Drop your chest and head to the floor by leaning forward at the hip. Gently press the dowel forward, lift your chest toward the floor, and push your butt back.
Hold for 15-30 seconds. In the bottom position, move around gently to stretch your spine and create space between the vertebrae.
4. Risers
For several the stretching routine, any stable elevated surface can act as a substitute for risers. The risers, on the other hand, are useful because they can be adjusted to your preferred height. Risers are available in the market in different sizes and also in adjustable forms so that you can adjust the size as per the intensity of your workout. You can try these two amazing moves.
Raised Glute Bridges
Lay flat on your back on the ground, both feet on the step’s long end. Place your hands by your sides, palms facing up. As close to the step as feasible, place your glutes. Check that your knees are at a comfortable angle. Raise your hips toward the ceiling by pushing with your both feet. Return to your starting position by lowering the hips down.
Raised Stretch Push-Ups
The stretch push-up is a push-up variation that works the upper-body push muscles such as the chest, shoulders, and triceps.

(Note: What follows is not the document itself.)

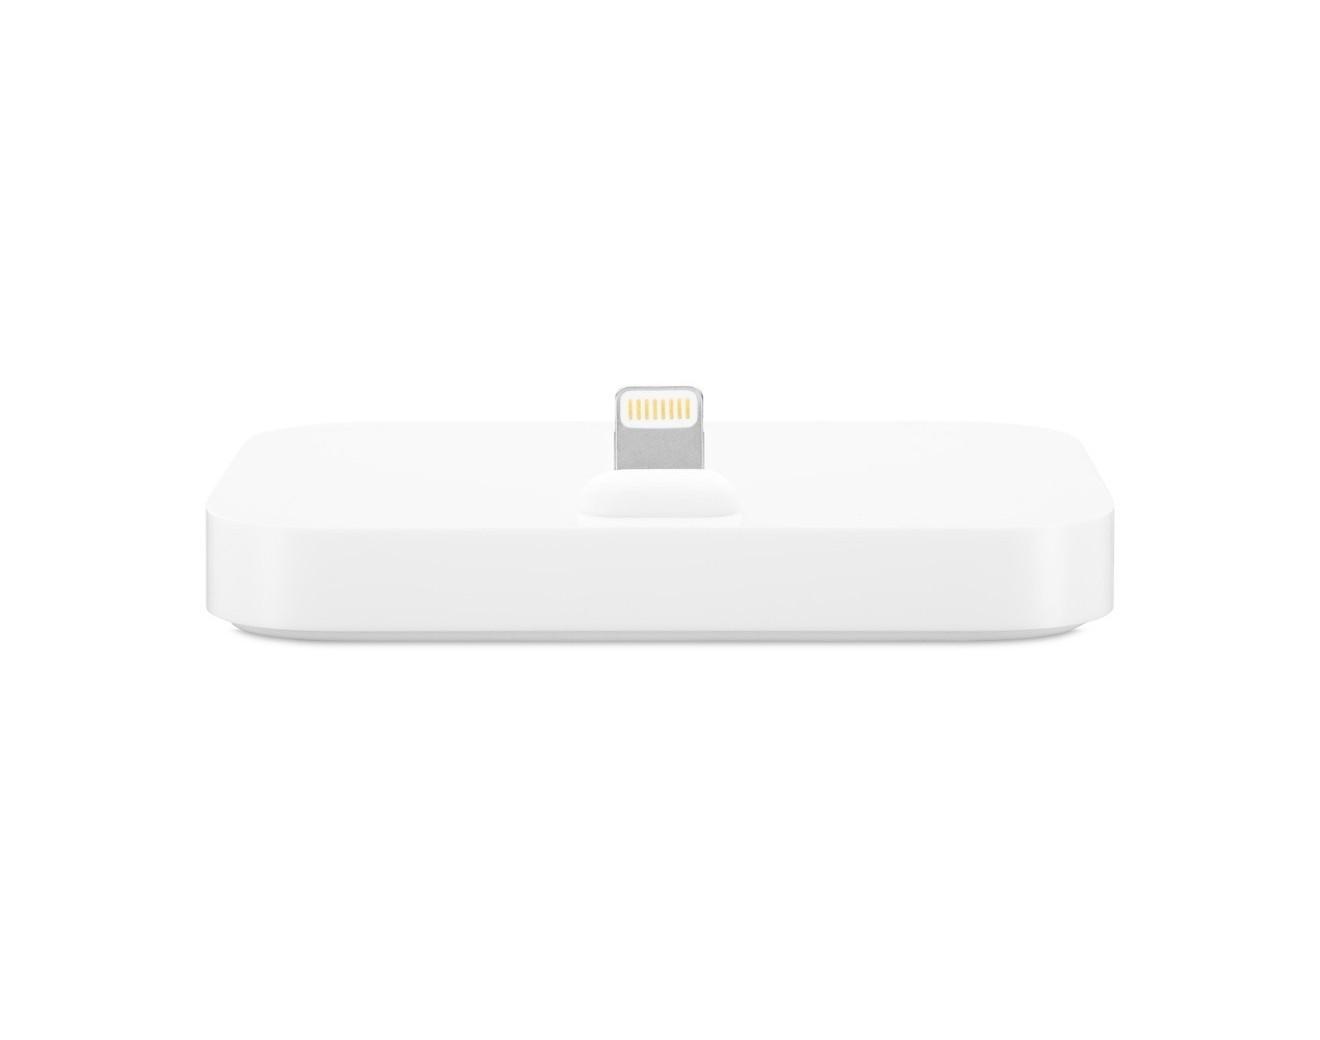 Докинг станция Apple iPhone Lightning Dock - White

Stretching push-ups increases the exercise’s range of motion, which can lead to more muscle growth. Before progressing to more complex versions, it is necessary to master the traditional push-up.
5. Foam Roller
The foam roller is used to relieve muscle tension and has similar effects to receiving a massage. The foam roller is an excellent warm-up tool for any exercise and can be used on most muscle groups. It tightens the muscles and relaxes the trigger points. This is a form of self-massaging tool. A few stretches you can try with a foam roller are,
Quad Stretch
Begin by lying down on the foam roller with your back to the floor and your arms in a forearm plank posture. Place the foam roller underneath your left hip flexor and bend your right leg to the side comfortably.
Begin rolling the foam roller up and down and side to side while resting on your forearms to target the hip flexor, paying special attention to trigger points.

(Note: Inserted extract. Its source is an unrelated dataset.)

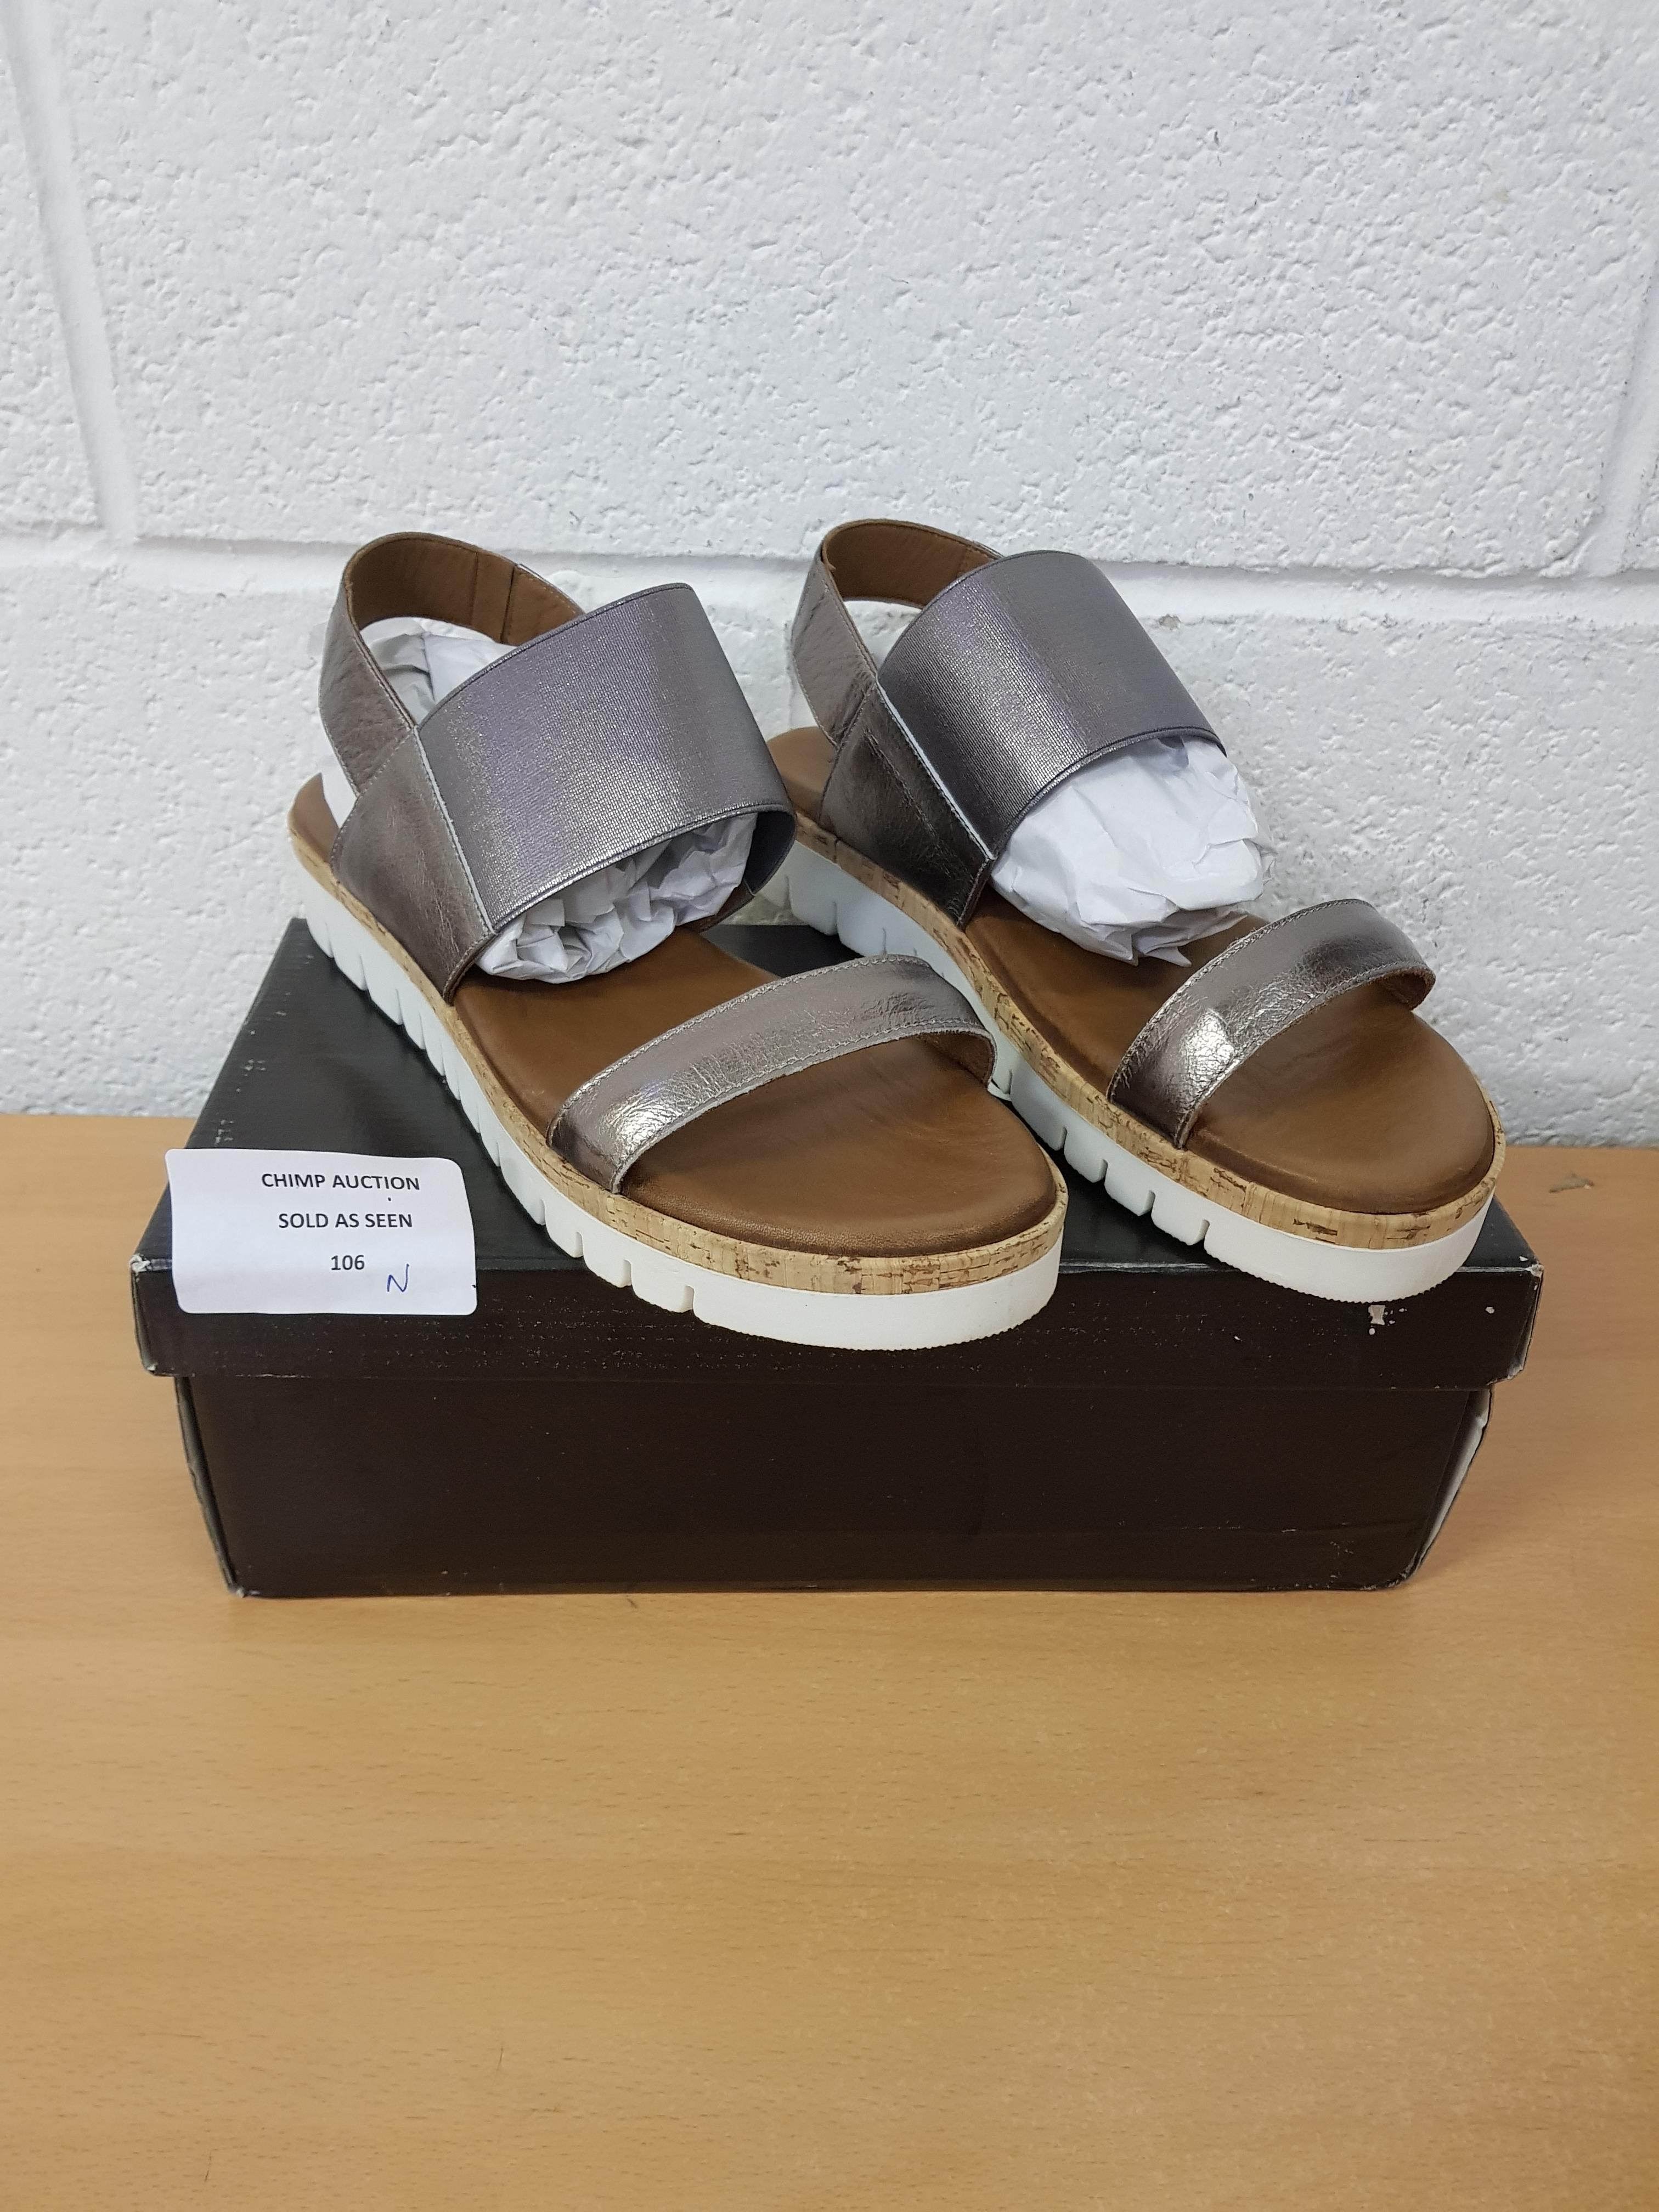 Lot 106 - Brand new Inuovo ladies sandals EU 41

Do this for a total of 30 seconds. Rep on the right hip flexor.
Calves Stretch
Begin by sitting on the floor with your legs stretched out and a foam roller underneath your calves.
Raise your body to the point where your weight is supported by the foam roller. For additional pressure, cross your left leg over your right.
Slowly roll your right calf on the foam roller, moving your body forward and back with your arms. 30 seconds to complete. Focus on your left calf as you switch legs.
Hamstring Stretch
Again, start by sitting on the floor with your legs extended. This time, position the foam roller underneath your hamstrings. Lift your body so your weight is resting on the foam roller and begin to slowly roll up and down between the back of your knees and your glutes. Linger on tender spots, and roll for at least 30 seconds overall. An alternative way to complete this is to again cross your legs and focus on one hamstring at a time.
6. Stability Ball and Medicine Ball
There are a variety of ball sizes to choose from. A stability ball is a huge ball that can be found in many fitness stores. By including a balance component or a wider range of motion, the stability ball offers an added dimension to many stretches. Props include medicine balls of varying sizes, but any kind of sports ball will suffice.
Shoulder Press
This is a beginner-friendly maneuver, but you may make it more challenging by using a heavier ball. Hold a medicine ball in front of your sternum about an inch away from your chest.
Reach the ball aloft with your arms extended to the ceiling, then carefully lower it back to the starting position.
A lot of exercises discussed above are recommended to be performed with the specific prop only. Do not try to experiment with any exercise with a substitute stretching routine. Also do keep in mind the posture and the stretch you are feeling are not beyond your comfort level. You might end up straining your muscles if you either start performing an advanced level of stretching immediately at a beginner level.